Lui, sempre lui, fortissimamente lui! Sì lui, quello che, con la spesa, remunera tutti i soggetti economici intervenuti nel ciclo produttivo. Non pago, paga pure con l’Iva; quella somma del valore delle trasformazioni di processo che si sono depositate nel passaggio dalla materia al materiale, fino a quando si fa merce pronta all’uso. Già, paga e, con quel pagare, salda il bisogno che ha invogliato l’acquisto. La spesa insomma ratifica il valore contenuto nel prodotto e, per cotanto fatto, paga tassa.

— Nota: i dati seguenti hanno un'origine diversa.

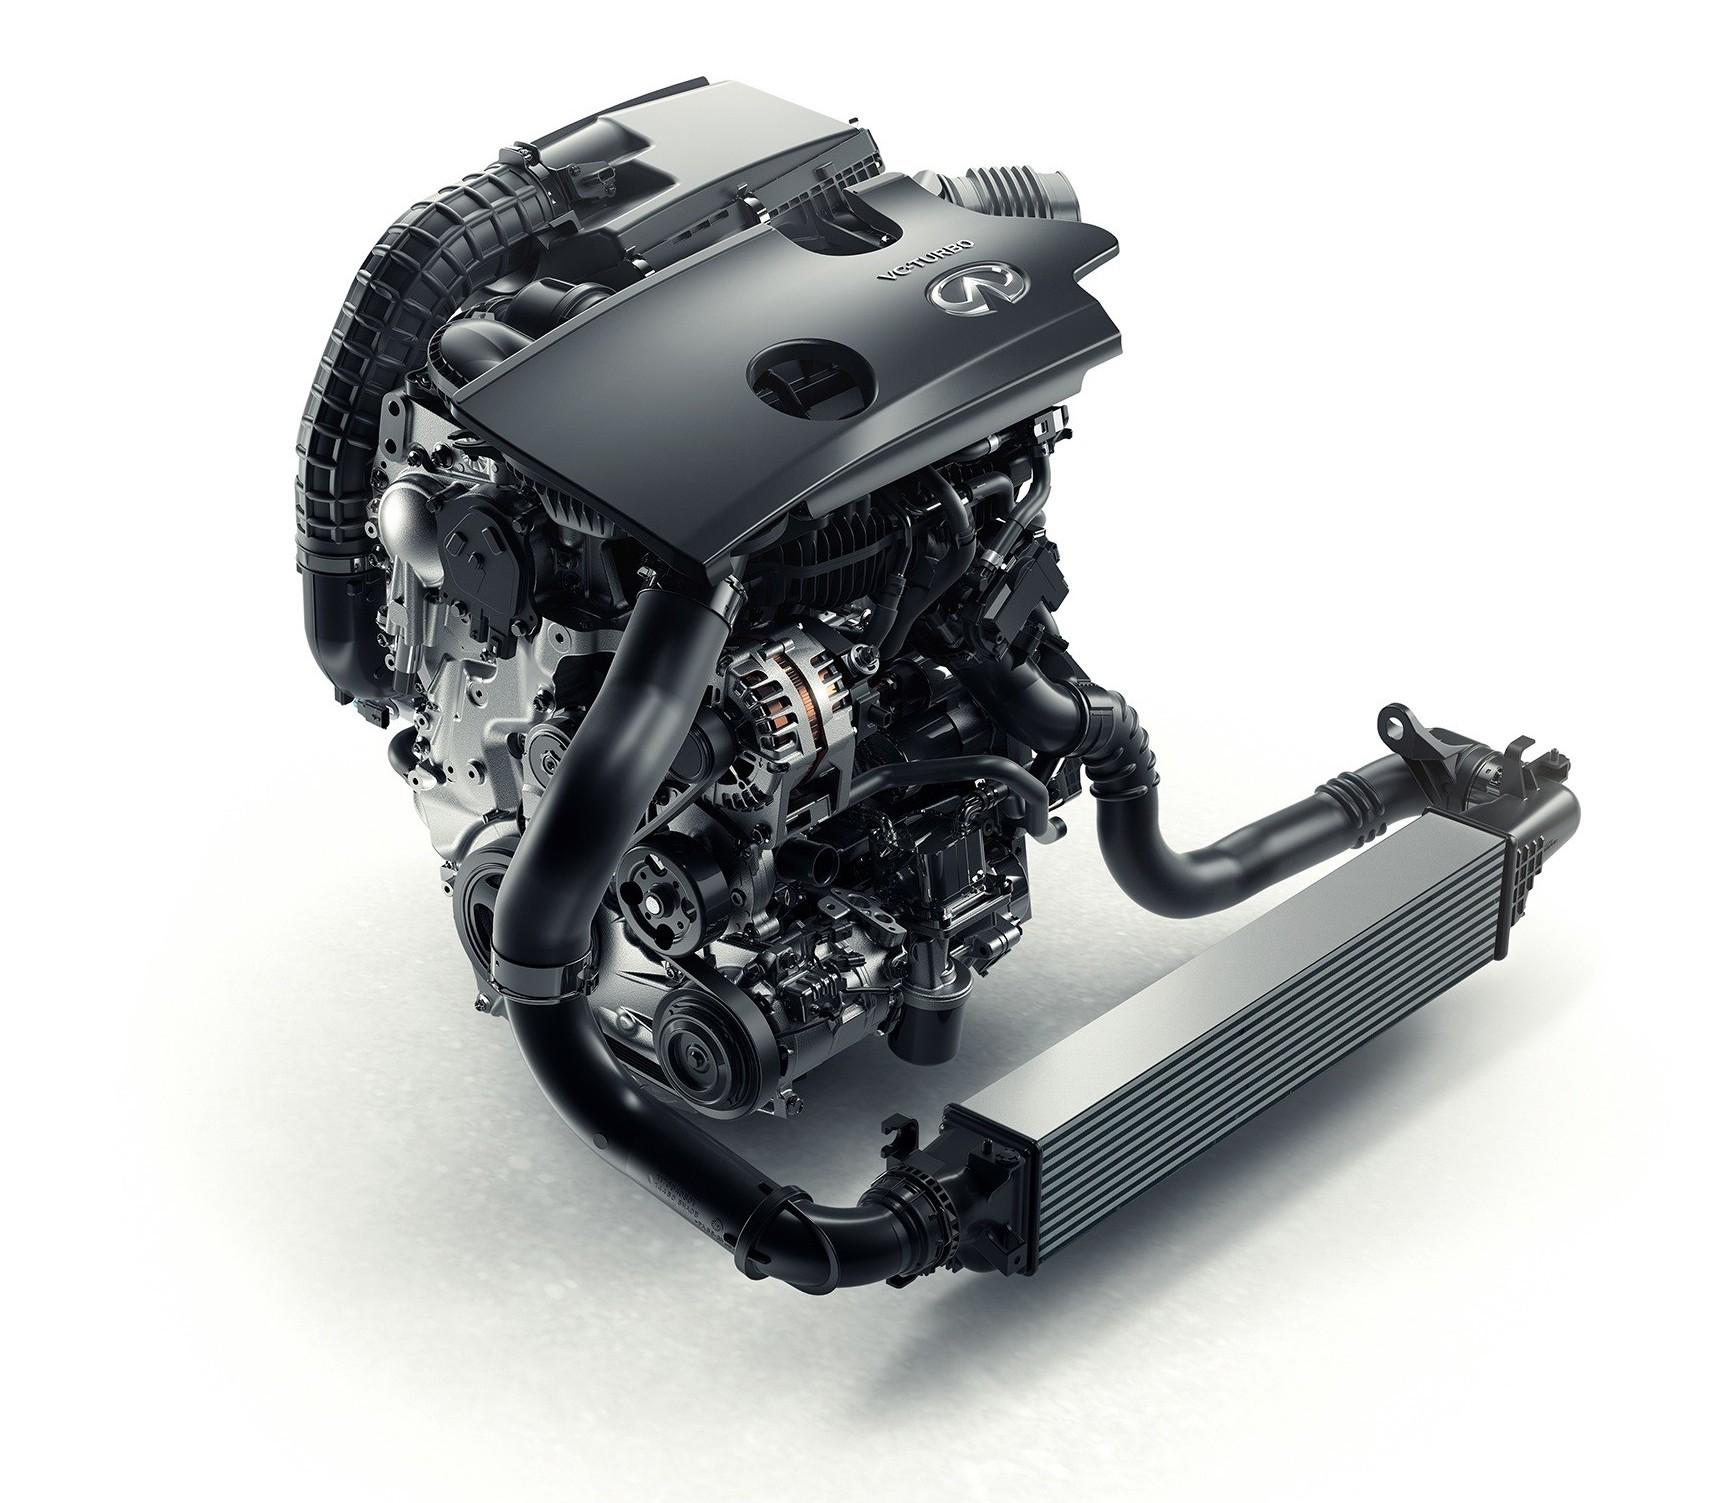 Nissan разработала ДВС с изменяемой степенью сжатия - 4
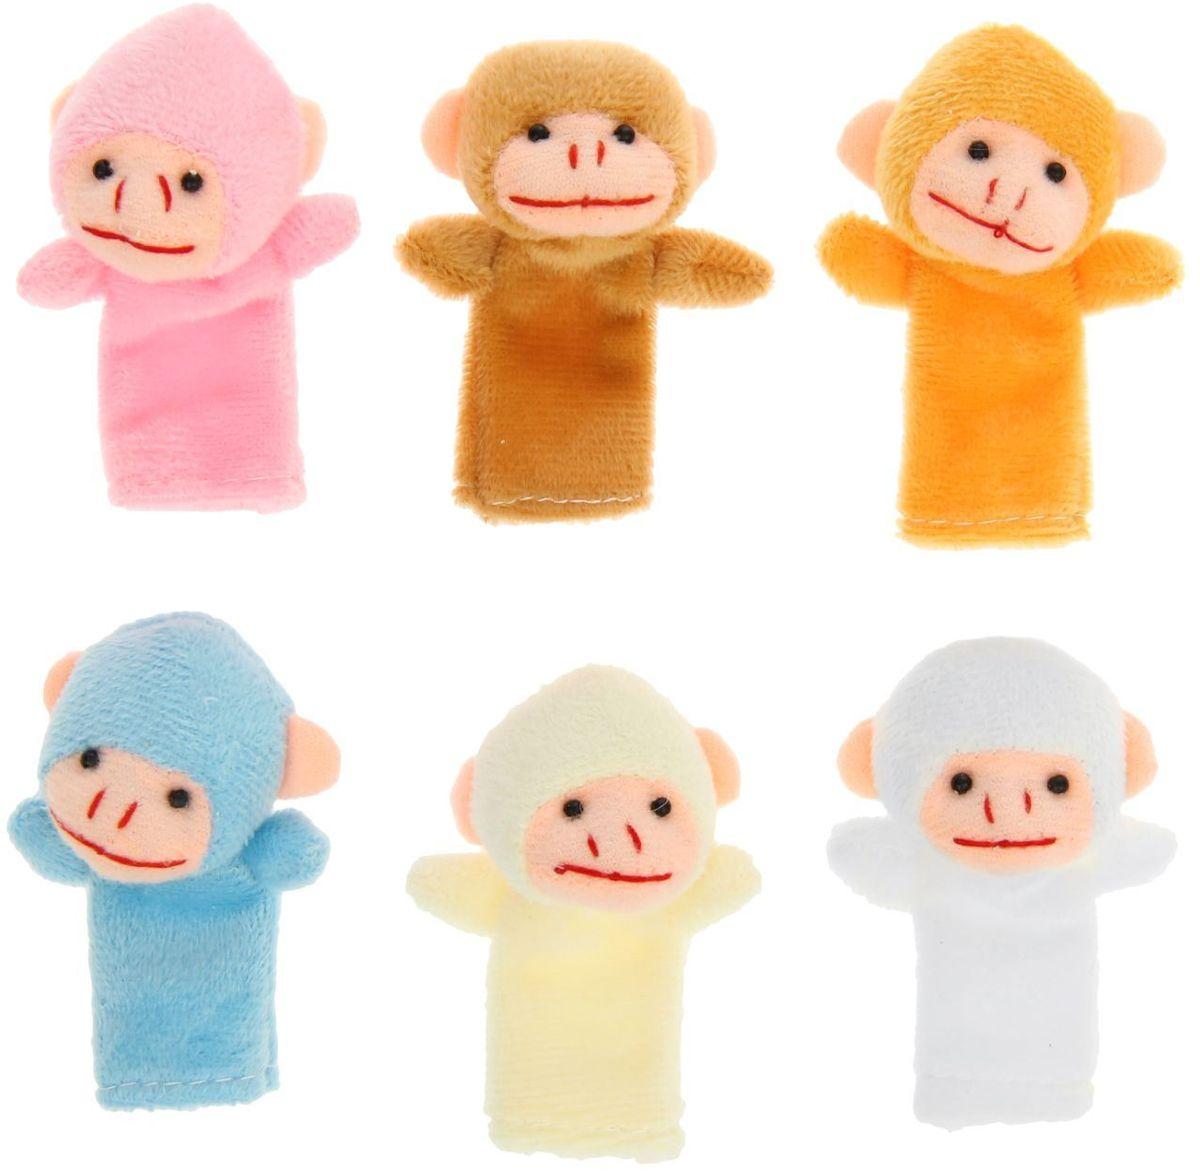 Sima-land Набор пальчиковых игрушек Обезьяна 10 шт sima land набор пальчиковых кукол семья

Sì, funziona pressappoco così: dall’albero al quotidiano. Dalla cellulosa che si fa carta, alla notizia che si mostra, al giornalista che la raccoglie, alla redazione che la sceglie, al direttore che la vidima, alla rotativa che la stampa, all’edicola che la espone, al curioso che vuol leggerla. Sì, quel curioso ratifica, mette il bollo, valida questo valore. E lo Stato incassa. Chi acquista paga, chi vende se la scala a meno che? A meno che quel quotidiano esercizio del curioso non venga disperso in un universo comunicativo, sovraffollato dalla merce informativa. A meno che questo sovraffollamento non abbia saturato il bisogno di informarsi. A meno che manchi il denaro sufficiente che possa acquistare pure il surplus.
Ecco, nell’azione combinata di questi “a meno che” viene misconosciuto quel valore e oplà, svalutato. Dunque, non vi sarà remunero di alcunché, né di alcunchì. Sì, per dirla con Montanelli, se il giornale del giorno dopo incarta il pesce, quand’anche invenduto, non ha informato nè fatto guadagnare alcuno: bella no? Così l’Erario incasserà meno, ancor meno il penultimo del ciclo, a cui è rimasto il cerino in mano. Già, quello dell’edicola messo sulla graticola dal bisogno, questo sì insoddisfatto, di dover vendere giornali per poter guadagnare e non dover pure pagare l’Iva sull’invenduto.
Ci risiamo insomma. Colpa, ancora una volta, di quei maledettissimi denari insufficienti per poter fare la spesa, quindi la crescita, per far guadagnare tutti pure quelli che, da buon ultimi, rifocillano l’erario.